Lazy eyes listen
Germany’s public debt reached a new high of €2.37 trillion ($2.6 trillion) at the end of 2022, according to data released on Wednesday by the Federal Statistical Office (Destatis).
The overall public budget’s debt to the non-public sector increased by 2% year on year, or by €46.1 billion ($50 billion), compared to 2021. Destatis attributed the rise to emergency measures taken in response to the Covid-19 pandemic and the energy crisis.
Debt increased by 1.8%, or €41.9 billion ($45.5 billion), compared to the end of the third quarter of 2022, raising concerns about the impact on the German economy and financial stability. The average per-capita debt was €28,155 ($30,600), representing a growing burden on the population.
Consumer activity has been eroded by spiraling inflation, a raging energy crisis, and expectations of a further slowdown in the EU’s largest economy, posing a threat to economic prosperity.

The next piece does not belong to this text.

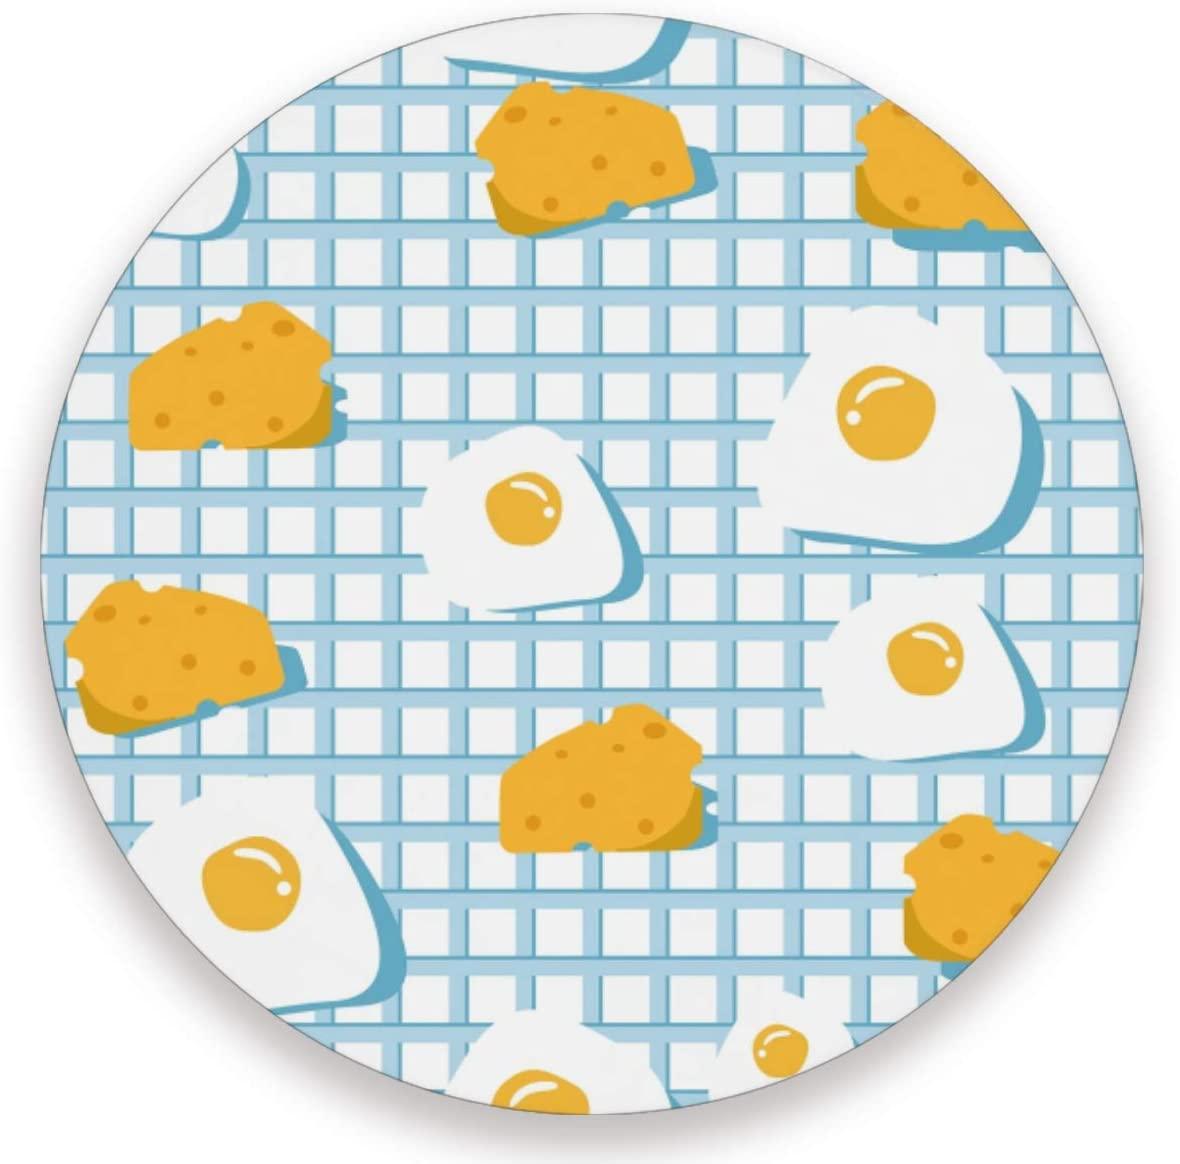 Olinyou Fried Eggs Gudetama Candy Yolk White Blue Plaid Coasters for Drinks Set of 4 Absorbent Ceramic Stone Round Coaster with Cork Base

According to economists, the rising debt owed to the non-public sector exemplifies Germany’s difficult economic conditions as a result of the pandemic and the energy crisis. According to Destatis, the non-public sector includes banks and other domestic and foreign economic sectors, such as private businesses in Germany and abroad.
The government’s efforts to mitigate the effects of these crises have resulted in an increase in public borrowing. German Finance Minister Christian Lindner previously stated that the government needed to limit spending, implying that the state will be unable to quickly solve current economic problems such as falling wealth levels.
Germany, whose industry is primarily powered by natural gas, has been struggling to keep up with rising energy costs. The country has pledged to replace imports from its former largest supplier, Russia, by mid-2024. Attempts to diversify gas supplies, on the other hand, have contributed to the energy crisis.